Fortunately for all Americans, an extra 130,000 votes in Ohio last week spared us from post-election chaos and, potentially, the greatest domestic divisions since the Civil War.
But it did nothing to stop the nearly non-stop plunge in the U.S. dollar.
As I told you last week, even before the election, the dollar had been falling steadily against the euro, busting to the lowest levels of the year.
Then, on the day after the election, the decline accelerated.
The dollar nosedived by a dizzying 1.01% on Wednesday, by another 0.33% on Thursday, and by 0.66% on Friday ... busting to the lowest level against the euro in history ... driving international investors into panic ... and catapulting gold to 16-year highs.
This is a frightening downward spiral for our currency. In addition to the euro, the dollar is falling against the yen, the pound, the Swiss franc, and even some third-world currencies. It's falling in terms of how much corn, wheat, soybeans, beef, copper, silver, and gold it can buy. And in one way or another, it will affect just about every American alive today:
It will bring higher prices for gas, imported goods, and American goods that compete with them.
It implies a looming danger to bonds, stocks, and virtually all other traditional investments.
It could reduce American economic power, political power, and even military power.
Yet, most people don't understand it, and among those that do, few seem to care. But it wasn't always this way.
The Great Budget Battle of '59
I take you back 45 years and 10 months — to January 3, 1959.
The federal budget looked as if it was going haywire. The estimates for the deficit were running close to $13 billion, and in those days, that was huge.
In response, President Eisenhower gave one of the most important — and least remembered — state of the union speeches in American history. Reading in a monotone from a device on his podium that scrolled the text a few lines at a time, he warned:
"We must avoid extremes ... of waste and inflation which could reduce job opportunities, price us out of world markets, and shrink the value of savings. To keep our economy sound and expanding, I shall ... present to the Congress a balanced budget."

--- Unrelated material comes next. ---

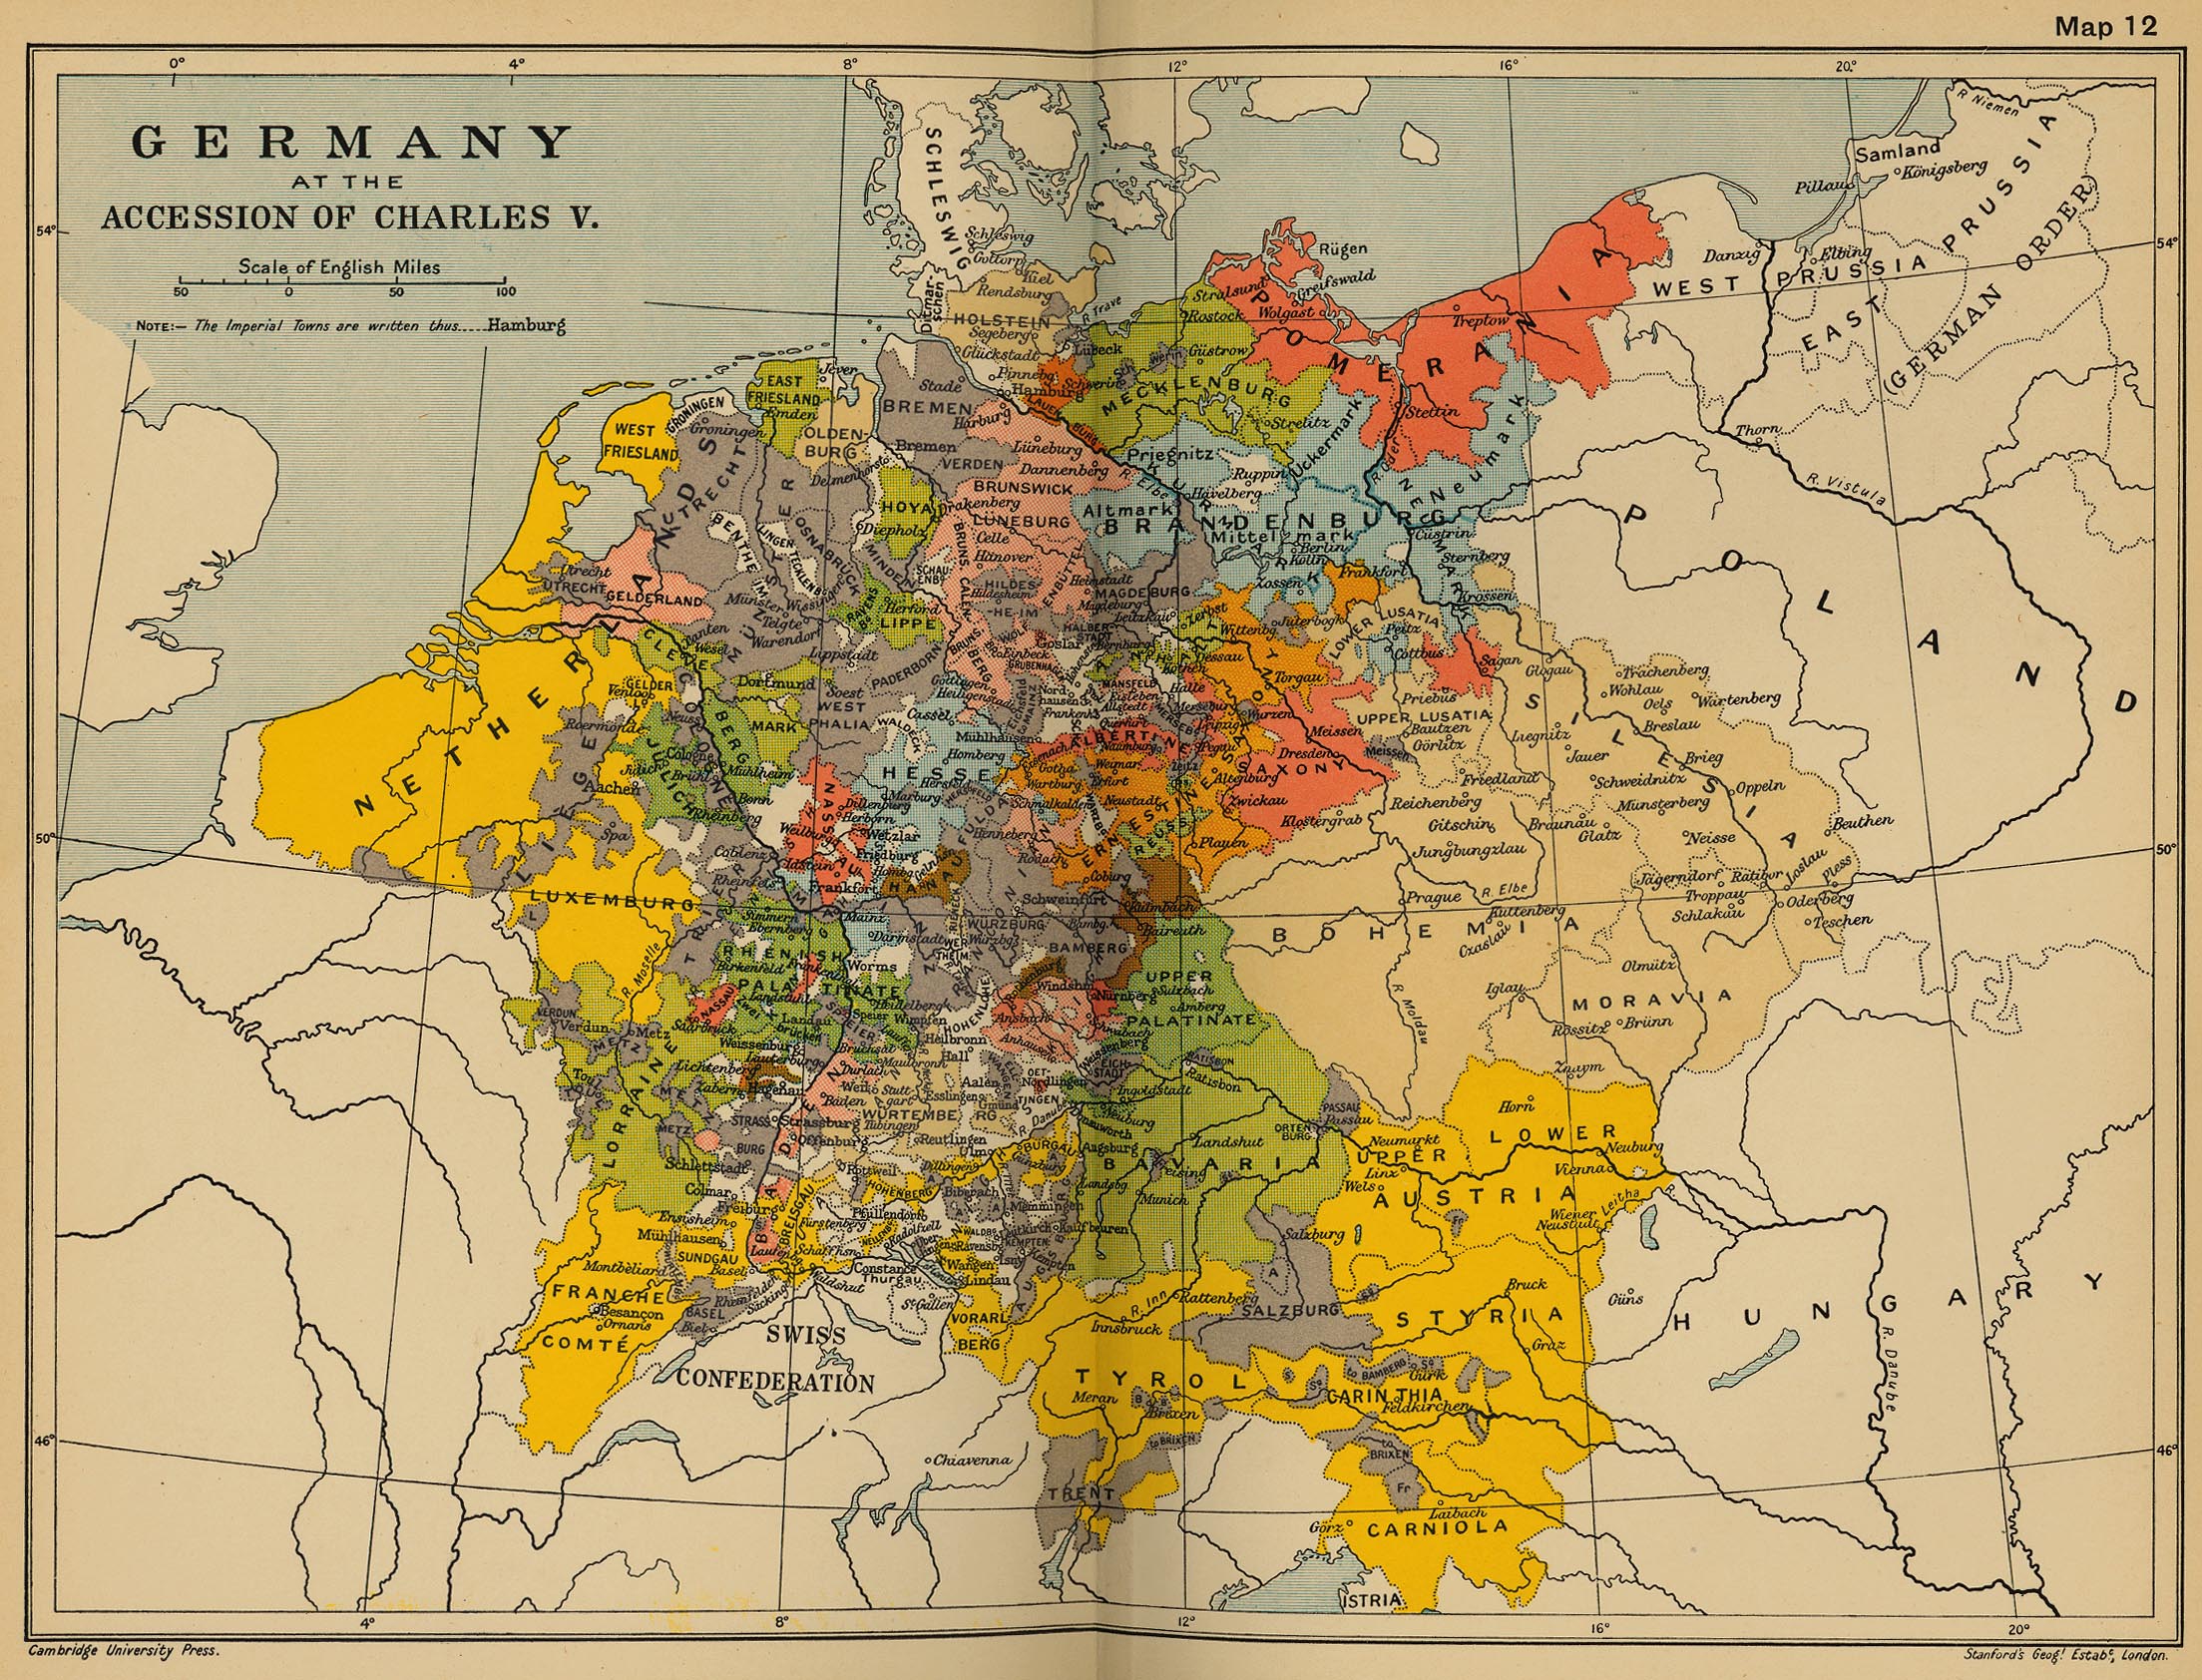 Map of Germany at the Accession of Charles V

Eisenhower's big-picture view was simple: To compete with other countries, the U.S. had to keep its costs down; and to control costs consistently over time, the federal government had to maintain a balance in our federal budget and in our trade with foreign nations.
Eisenhower didn't have to wait two decades to learn that budget and trade deficits would lead to a falling dollar. Nor did he have to wait until November 2004, when the dollar plunged to all-time lows against a currency that didn't even exist in his time — the euro. He knew it all too well back in 1959.
But today, even after all the debates of a heated presidential election, it is neither understood nor accepted in Washington.
Actually, it wasn't immediately accepted back then, either: The most conspicuous reaction to Eisenhower's speech came in the form of a rude but unspoken interruption from the second row of the House chambers — an unrestrained yawn by the Senate Democratic leader, Lyndon B. Johnson. It was the first warning of a major battle over the budget.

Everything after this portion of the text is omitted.